Mark Zuckerberg, CEO do Facebook, fala com uma avatar de si mesmo durante transmissão ao vivo do Metaverso - Facebook via Reuters

Essa imagem rudimentar foi amplamente ridicularizada como "tímida" e "sem alma", acumulando pressão sobre Zuckerberg para provar que ele não errou ao apostar o futuro de sua empresa numa visão do metaverso que já havia acumulado mais de US$ 27 bilhões (R$ 140,2 bilhões) em perdas operacionais nos últimos três anos.

Mas o episódio da selfie é apenas um obstáculo para Zuckerberg, que acredita que o metaverso é a próxima evolução natural no convívio social online e deve revelar o novo avatar na próxima semana.

De acordo com memorandos e conversas com dez funcionários atuais e ex-funcionários, seu império de redes sociais de 3 bilhões de usuários está passando por interrupções e desafios como parte da virada para a Meta, e já foi forçado a adiar lançamentos futuros e ajustar as expectativas.

Em um memorando de setembro visto pelo Financial Times, Vishal Shah, vice-presidente do braço metaverso da Meta, alertou que usuários e criadores reclamaram que Horizon Worlds –sua experiência de realidade virtual social e a coisa mais próxima de um metaverso até agora– era de baixa qualidade e cheio de defeitos.

Ele ordenou um "bloqueio de qualidade" pelo resto do ano, dizendo aos funcionários que precisam melhorar os fundamentos antes de qualquer expansão agressiva. Os funcionários que trabalham no produto tiveram que "repriorizar ou retardar algumas coisas que planejamos", disse Shah, acrescentando que estava reduzindo sua meta de número de usuários para o segundo semestre do ano.

Alguns funcionários alertaram que o moral estava sendo prejudicado conforme as equipes foram reestruturadas para acomodar a nova visão de Zuckerberg, à qual muitos ainda não aderiram. "Há muitas pessoas internamente que nunca colocaram um headset [de realidade virtual]", disse um funcionário do metaverso.

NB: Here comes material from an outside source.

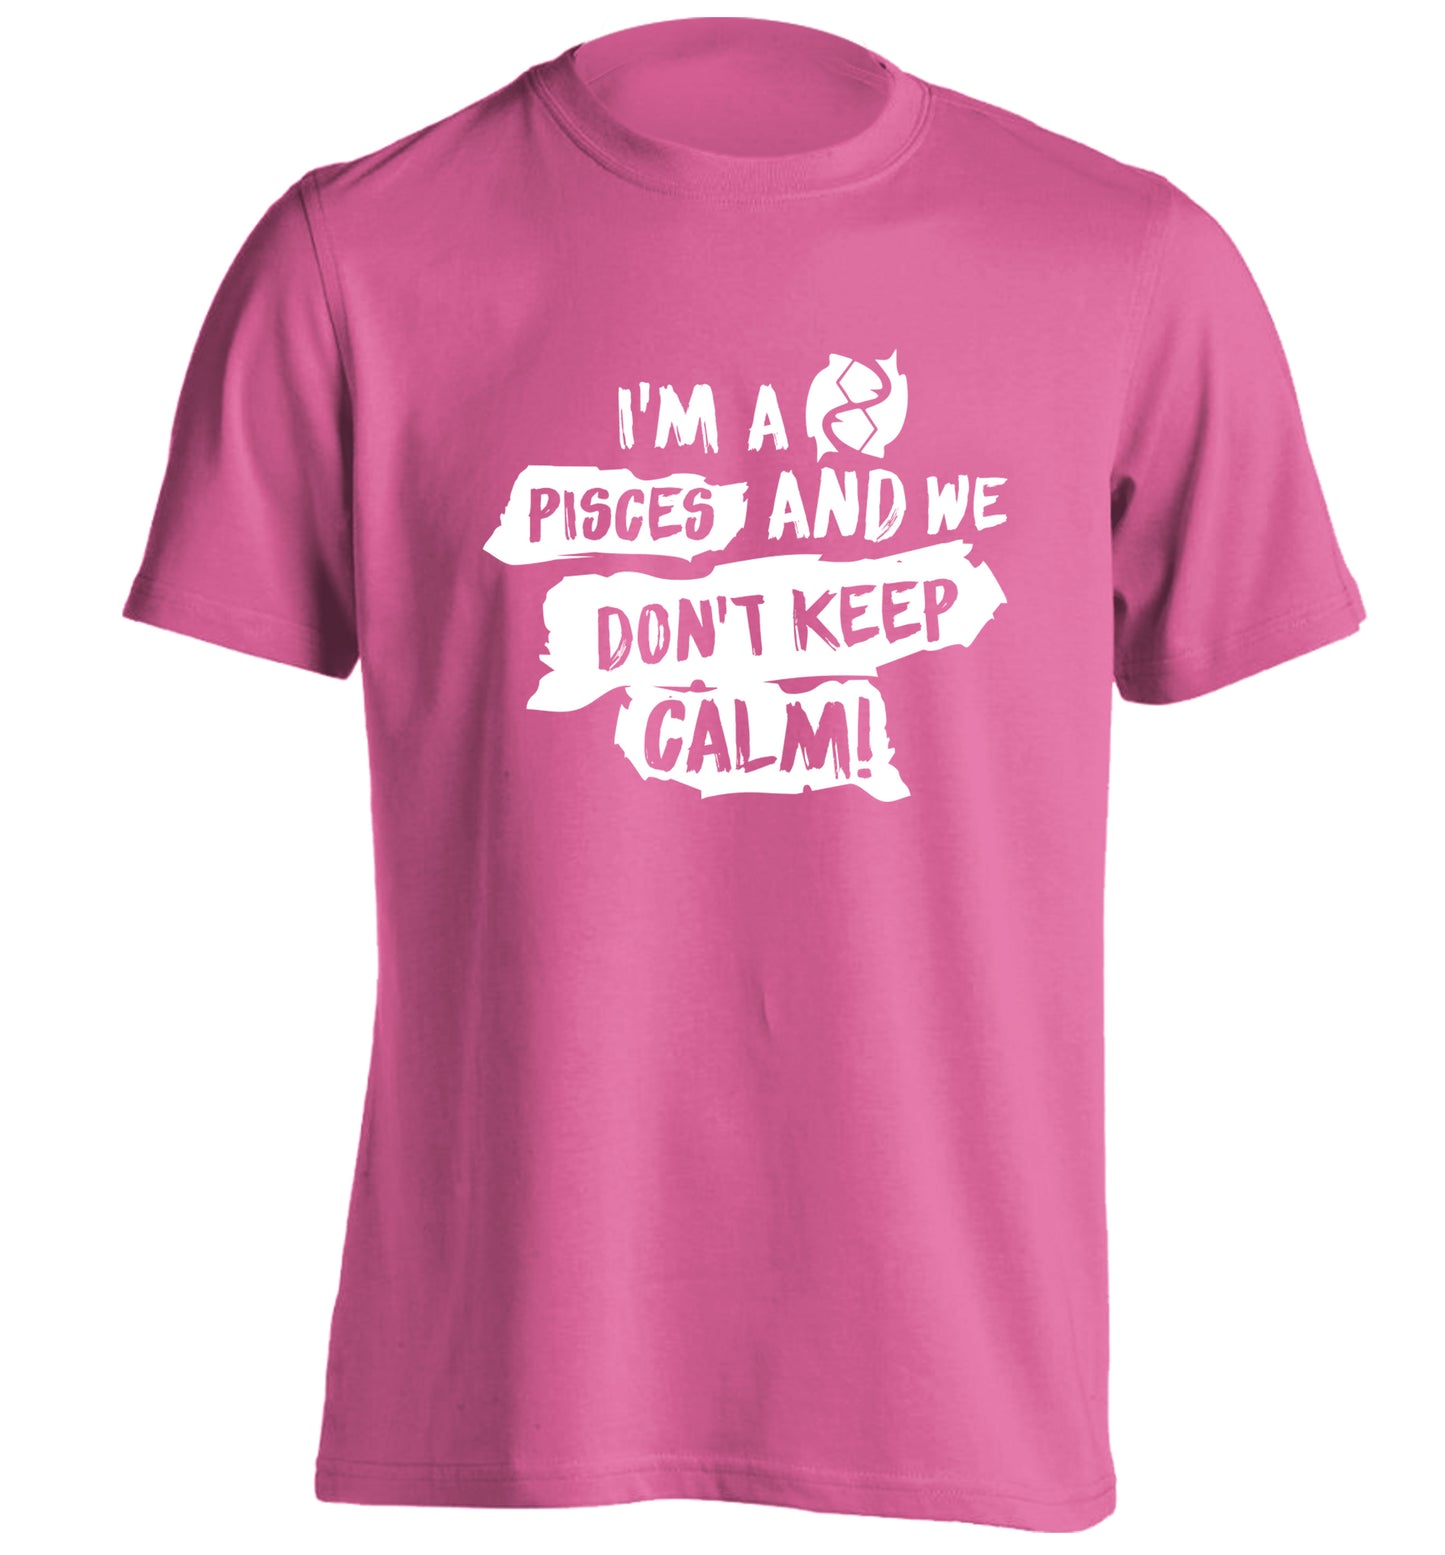 I'm a pisces and we don't keep calm adults unisex pink Tshirt 2XL

A Meta disse em comunicado que a empresa está "confiante que o metaverso é o futuro da computação e que deve ser construído em torno das pessoas". Ela acrescentou: "É claro que estamos sempre fazendo melhorias de qualidade e agindo de acordo com o feedback de nossa comunidade de criadores. Esta é uma jornada de vários anos, e continuaremos melhorando o que construímos".

No metaverso

Já faz quase um ano que Zuckerberg anunciou sua mudança para a Meta. Seu plano era atrair 1 bilhão de usuários e "centenas de bilhões de dólares em comércio digital por dia", um movimento que levaria entre cinco e dez anos, segundo ele.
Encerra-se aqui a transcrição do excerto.